通过技能多样化利用近近象征性示范模式加强学习 (Leveraging Approximate Symbolic Models for Reinforcement Learning via Skill Diversity)

Creating reinforcement learning (RL) agents that are capable of accepting and leveraging task-specific knowledge from humans has been long identified as a possible strategy for developing scalable approaches for solving long-horizon problems. While previous works have looked at the possibility of using symbolic models along with RL approaches, they tend to assume that the high-level action models are executable at low level and the fluents can exclusively characterize all desirable MDP states. This need not be true and this assumption overlooks one of the central technical challenges of incorporating symbolic task knowledge, namely, that these symbolic models are going to be an incomplete representation of the underlying task. To this end, we introduce Symbolic-Model Guided Reinforcement Learning, wherein we will formalize the relationship between the symbolic model and the underlying MDP that will allow us to capture the incompleteness of the symbolic model.

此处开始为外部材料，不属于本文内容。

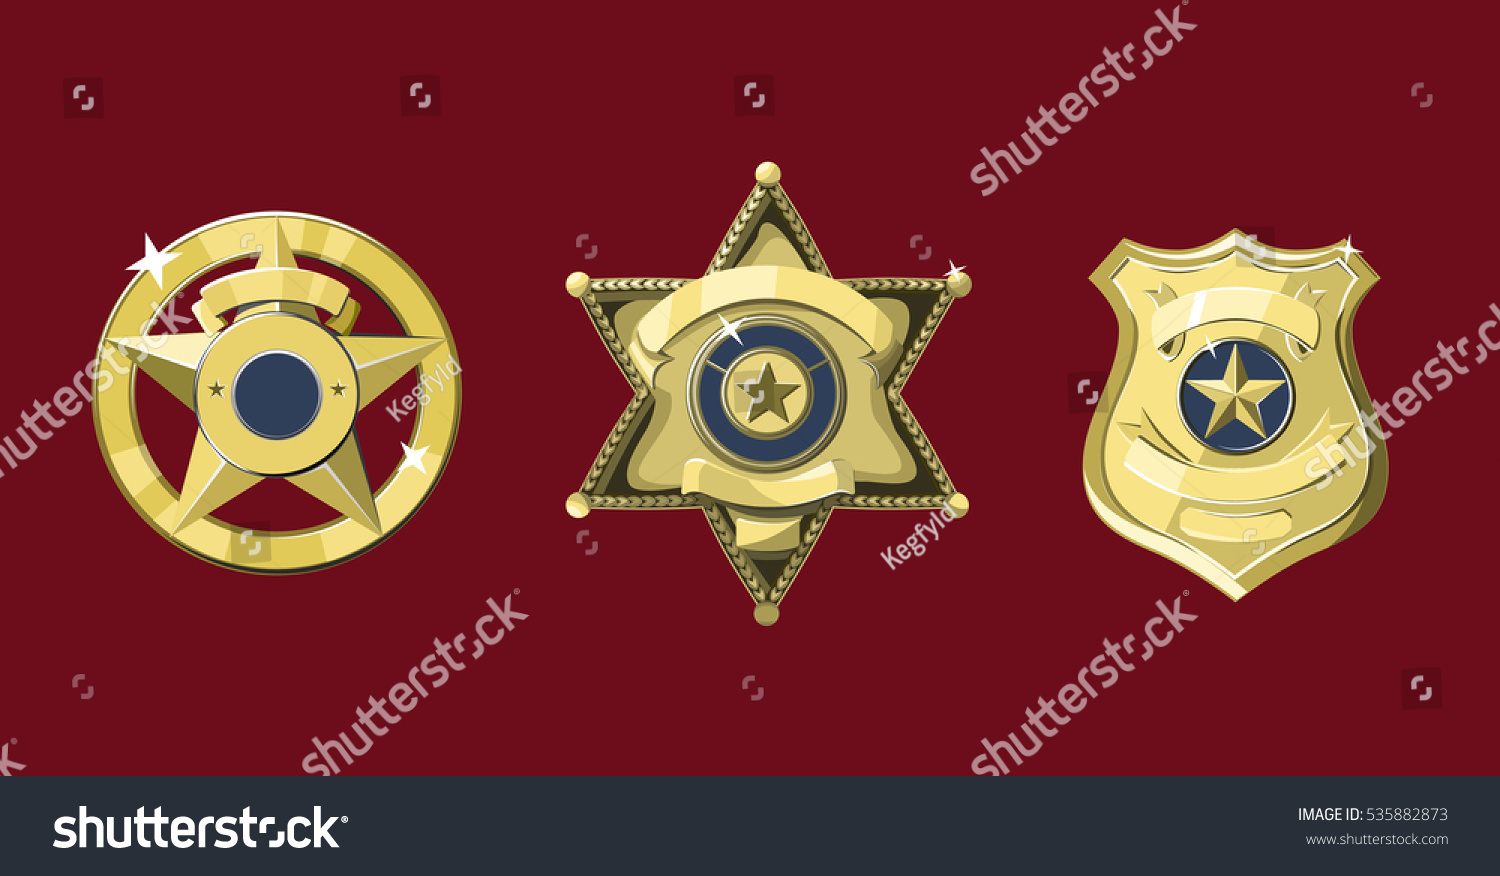 SVG of Golden police and sheriff badges on dark red background svg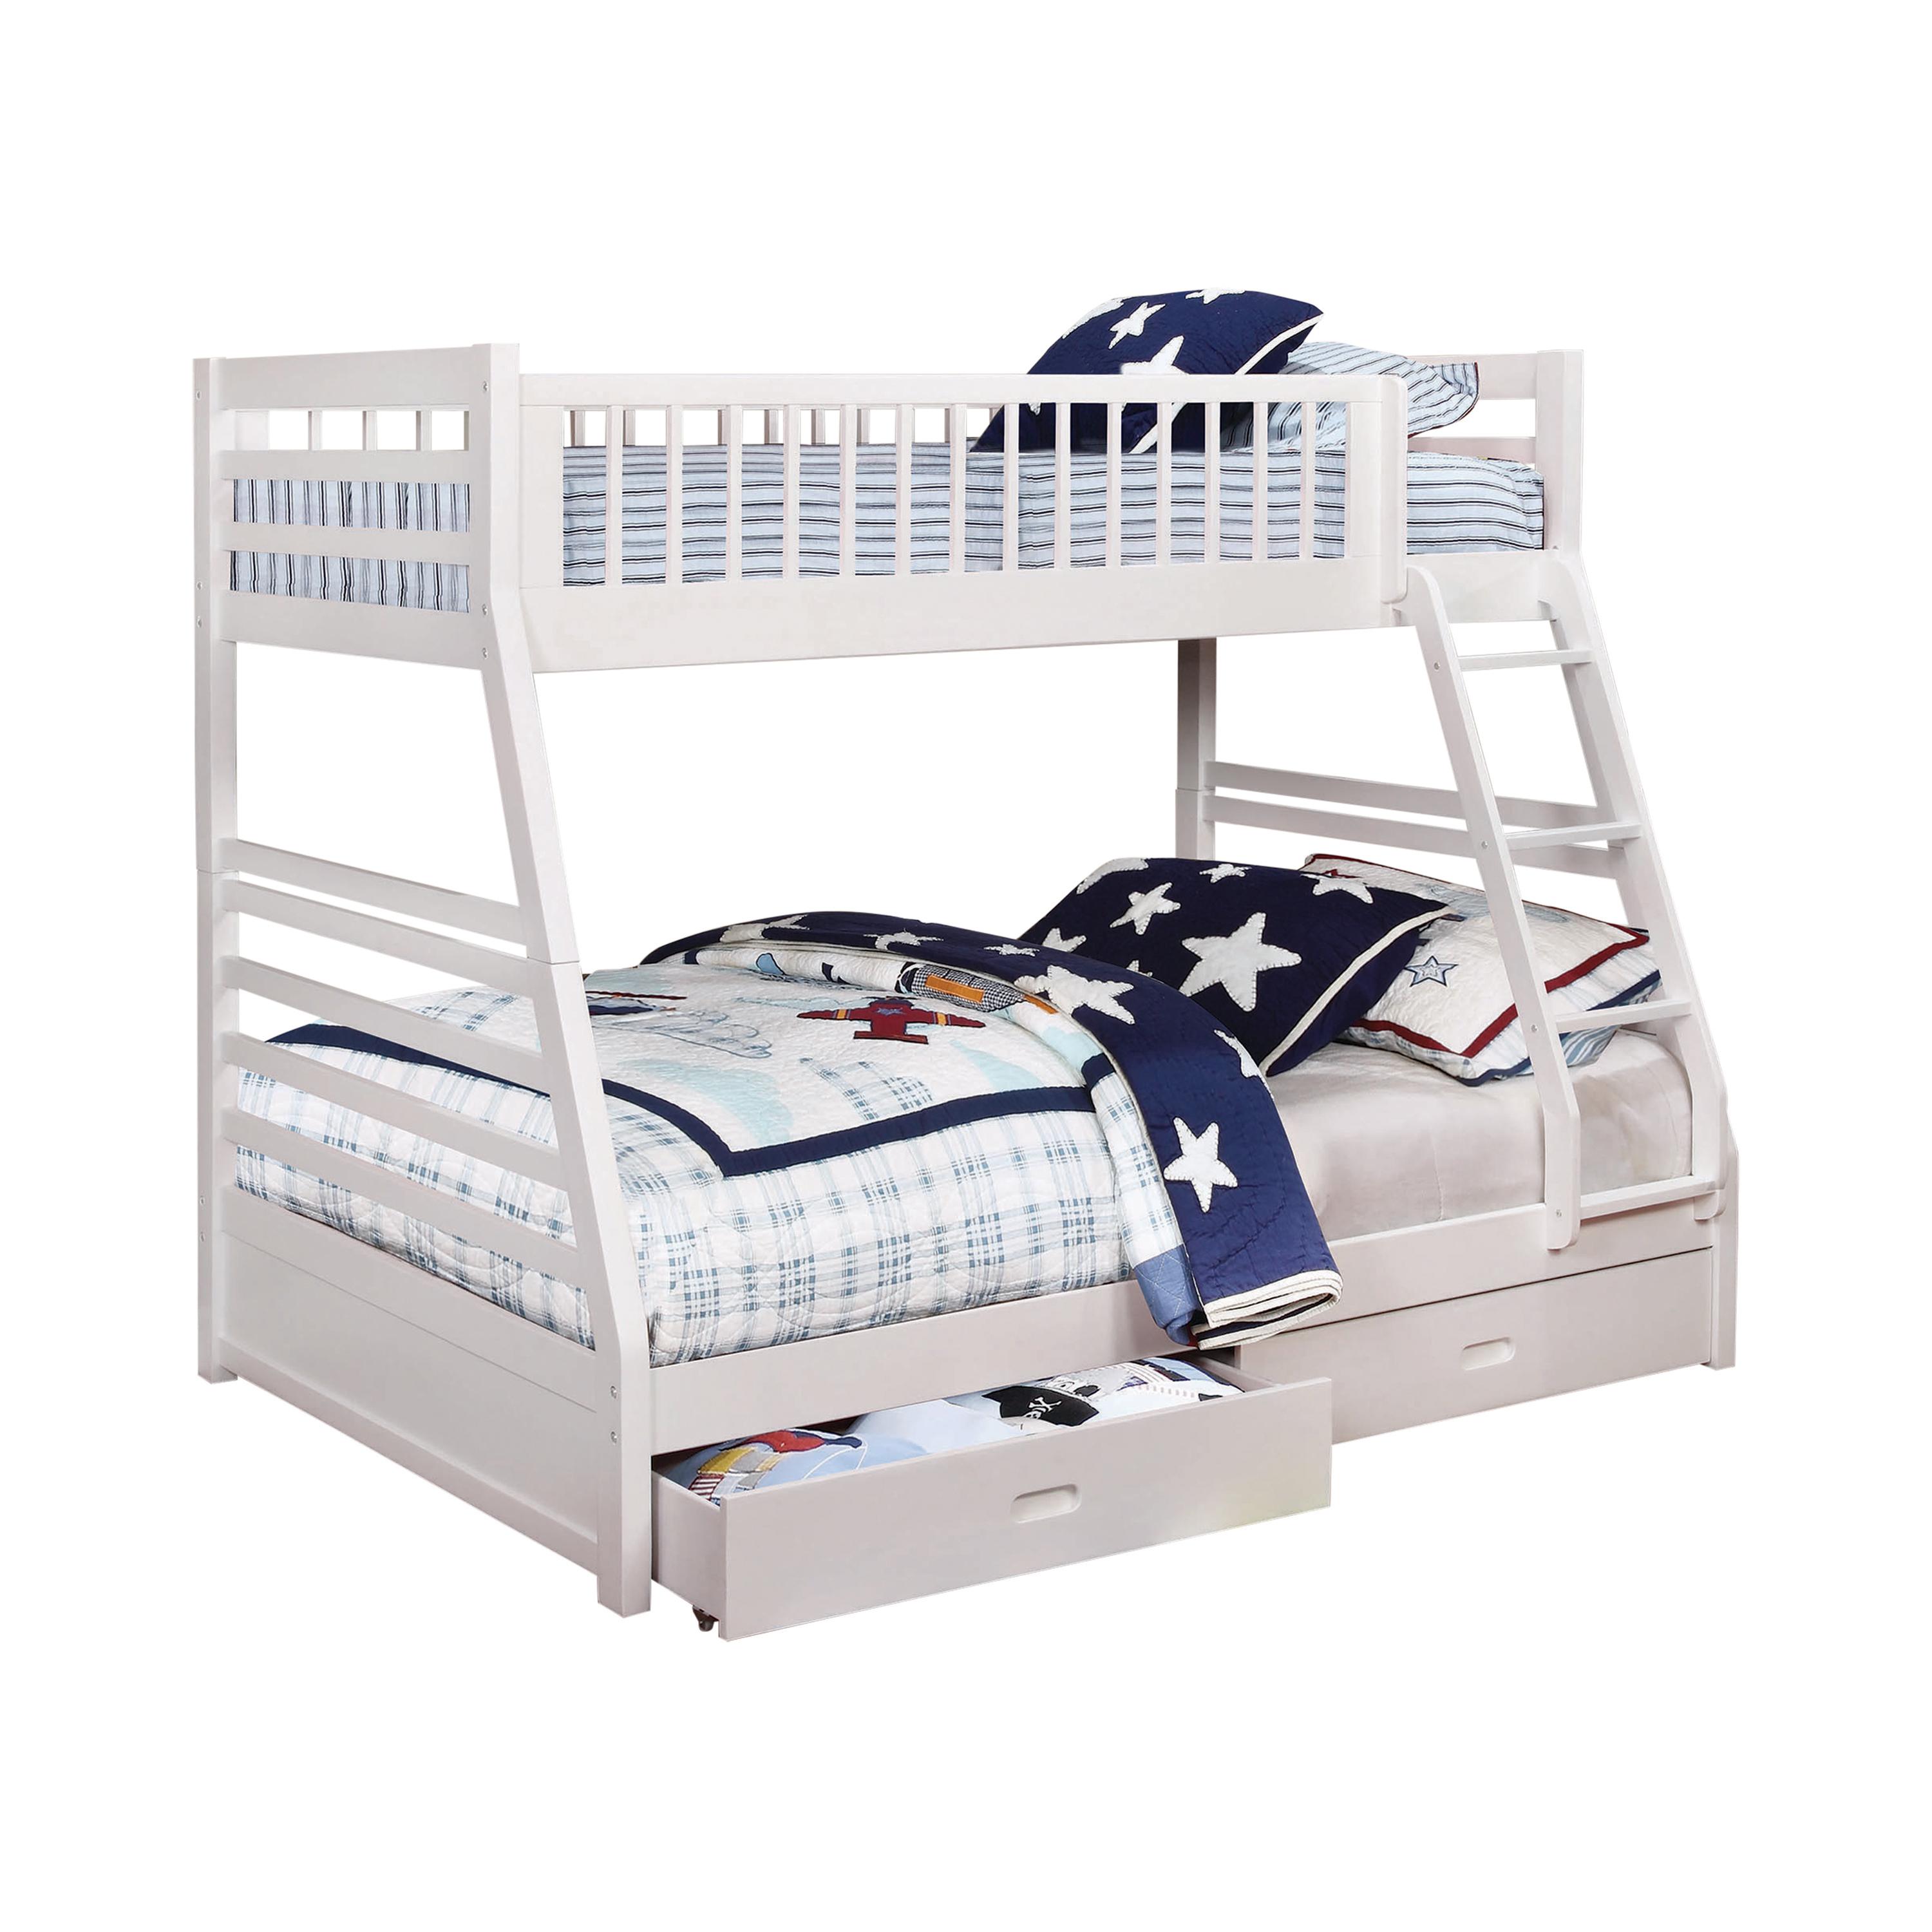 Transitional Bunk Bed 460180 Ashton 460180 in White

We will use these models to extract high-level landmarks that will be used to decompose the task, and at the low level, we learn a set of diverse policies for each possible task sub-goal identified by the landmark. We evaluate our system by testing on three different benchmark domains and we show how even with incomplete symbolic model information, our approach is able to discover the task structure and efficiently guide the RL agent towards the goal.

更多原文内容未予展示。